That sure is a lot!  

:blush:


----------



## Dave (Sep 10, 2002)

"* Life With Bonnie (ABC) 8:30 p.m. Sept. 17"

Is this the one about living with a TV Executive who likes to cancel popular SciFi shows, and re-image popular old SciFi shows, much to the annoyance of fans? :laugh:

There is nothing really 'new' in that line-up is there, apart from 'Firefly'? And we've lost some excellent shows 

Does anyone want an 'Alias mini-forum'?
Anyone want a 'Sabrina mini-forum'?


----------



## Bayleaf48 (Sep 11, 2002)

Only recognise a few there myself   

:blush:


----------



## Tabitha (Sep 11, 2002)

Actually I think I highlighted Alias by mistake - I have only seen a little bit of it, but I think it is like a spy drama rather than any kind of sf show.  Sorry.

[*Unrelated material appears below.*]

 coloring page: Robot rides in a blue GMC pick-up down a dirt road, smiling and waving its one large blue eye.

I watched Sabrina up until her first year in college (can't get enough of those Nickelodeon repeats), but don't know if there would be enough chat to fill a mini-forum.


Life with Bonnie *snort* 


I think Haunted sounds like it is a bit Sixth Sense-y.   It's got the elder bro from Party of Five in it.


----------



## Bayleaf48 (Sep 11, 2002)

Watched some 'Sabrina' & it was alright

:blush:


----------



## Brit Chick (Sep 17, 2002)

Another new show they are renewing is The Dead Zone - we are only just getting to see the first ep next week in the UK -  I've been away on holiday in the US for a couple of weeks and managed to see one of the last eps of the season - it looks really good.  Can't wait for the sci-fi channel's premier on Monday night!!

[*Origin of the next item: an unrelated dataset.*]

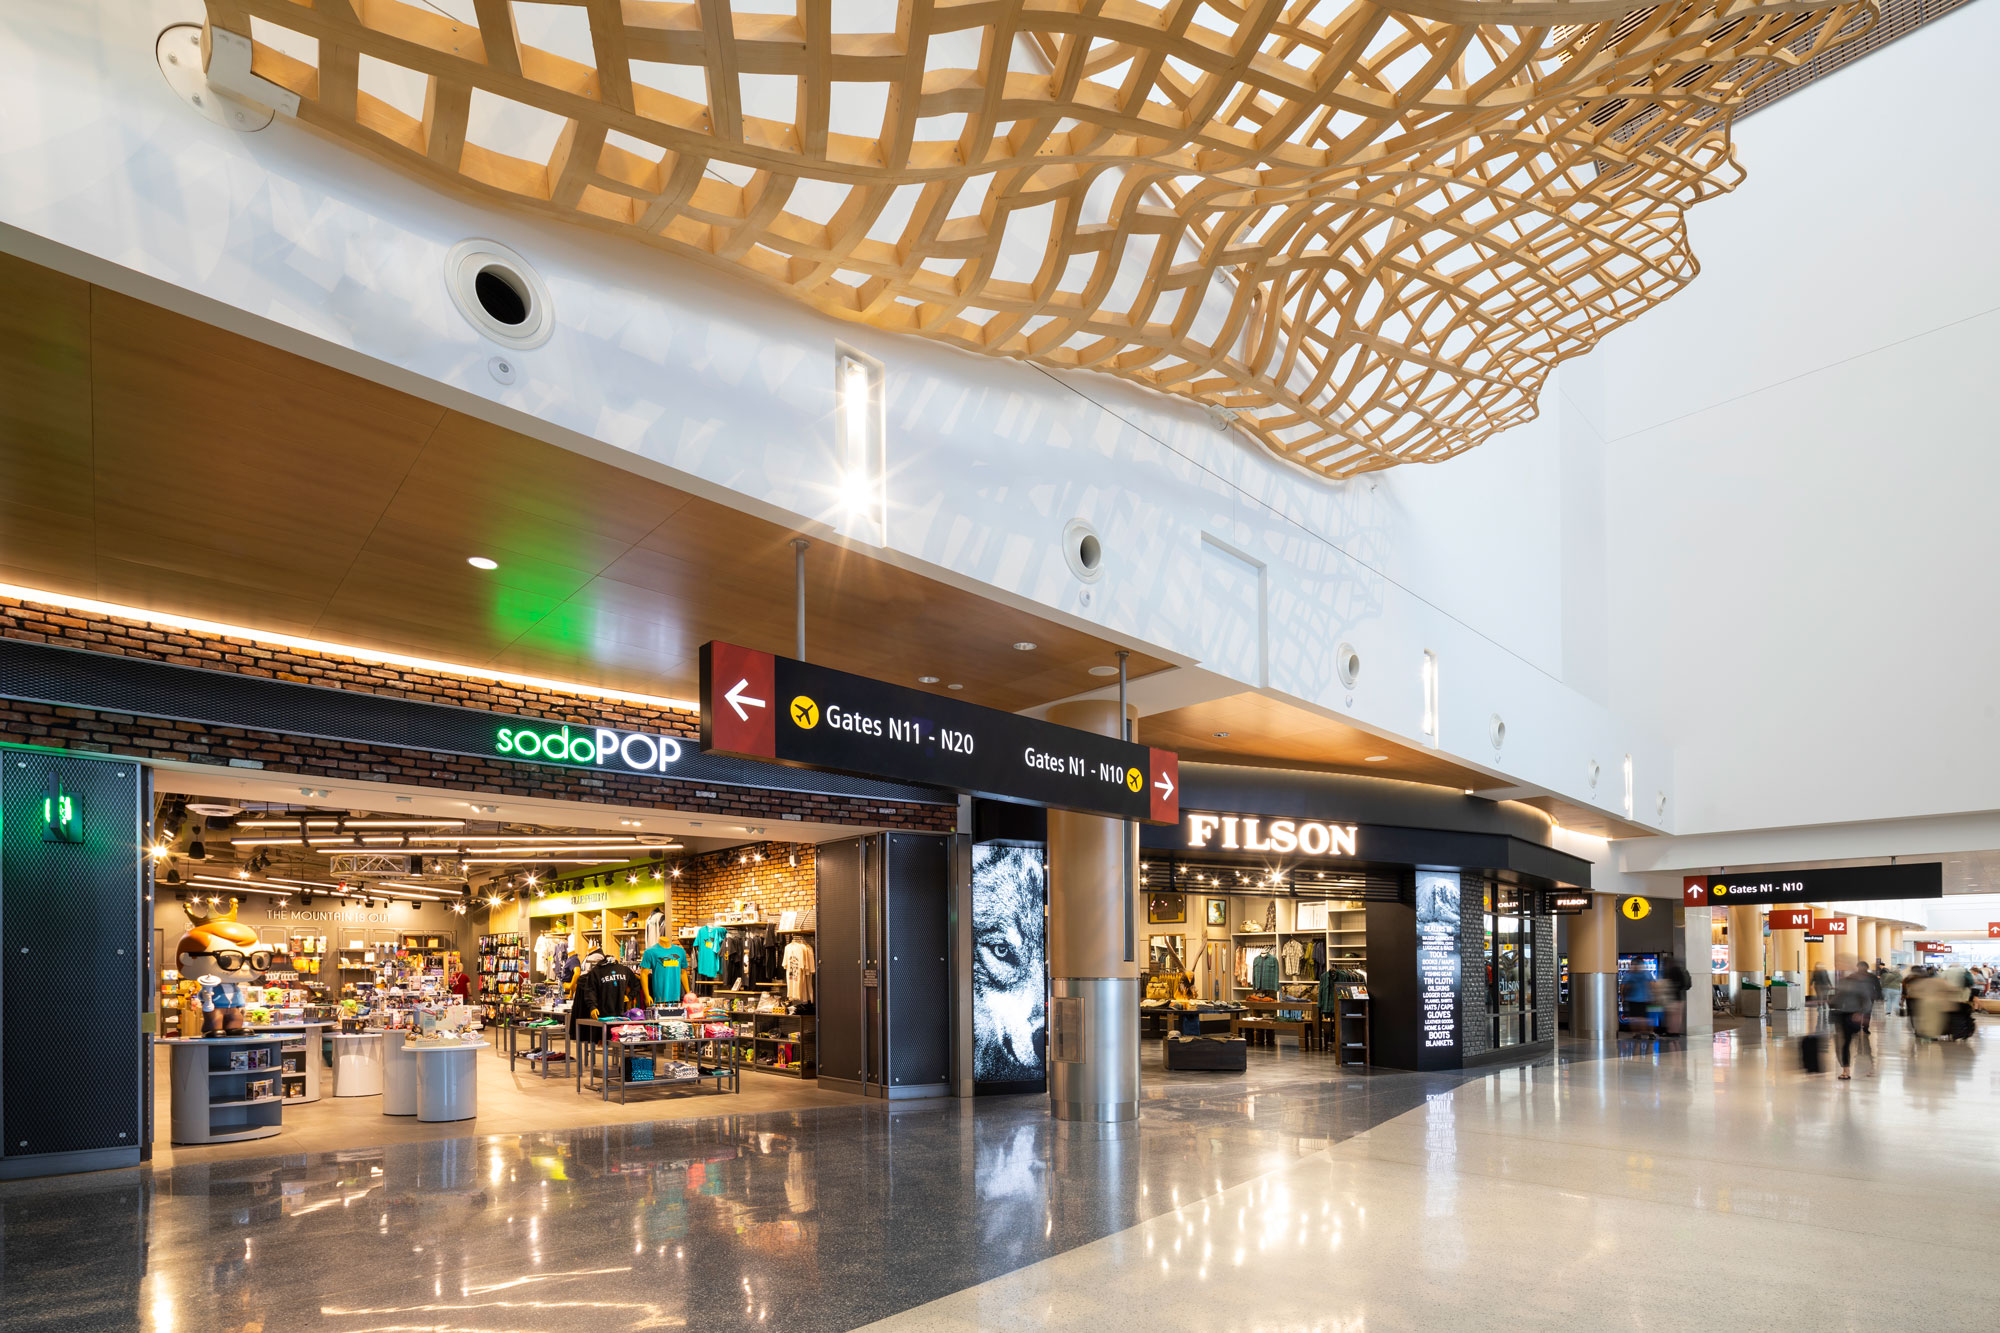 SEA Airport - sodoPOP and Filson store fronts in the North Concourse

Also, I caught a couple of the last eps of season 4 Charmed - some surprises  coming up there !!!

I was really hoping to see some of the latest stargate eps but just re-runs were showing so I didn't bother - OK, I know its sad to watch cult tv on your holiday, but I'm not so sad as to watch the re-runs !!!!!


----------



## tokyogirl (Dec 9, 2002)

the mid-season show i'm most looking forward to is the shield.  i think it's excellent.  starts next month and i can't wait!


----------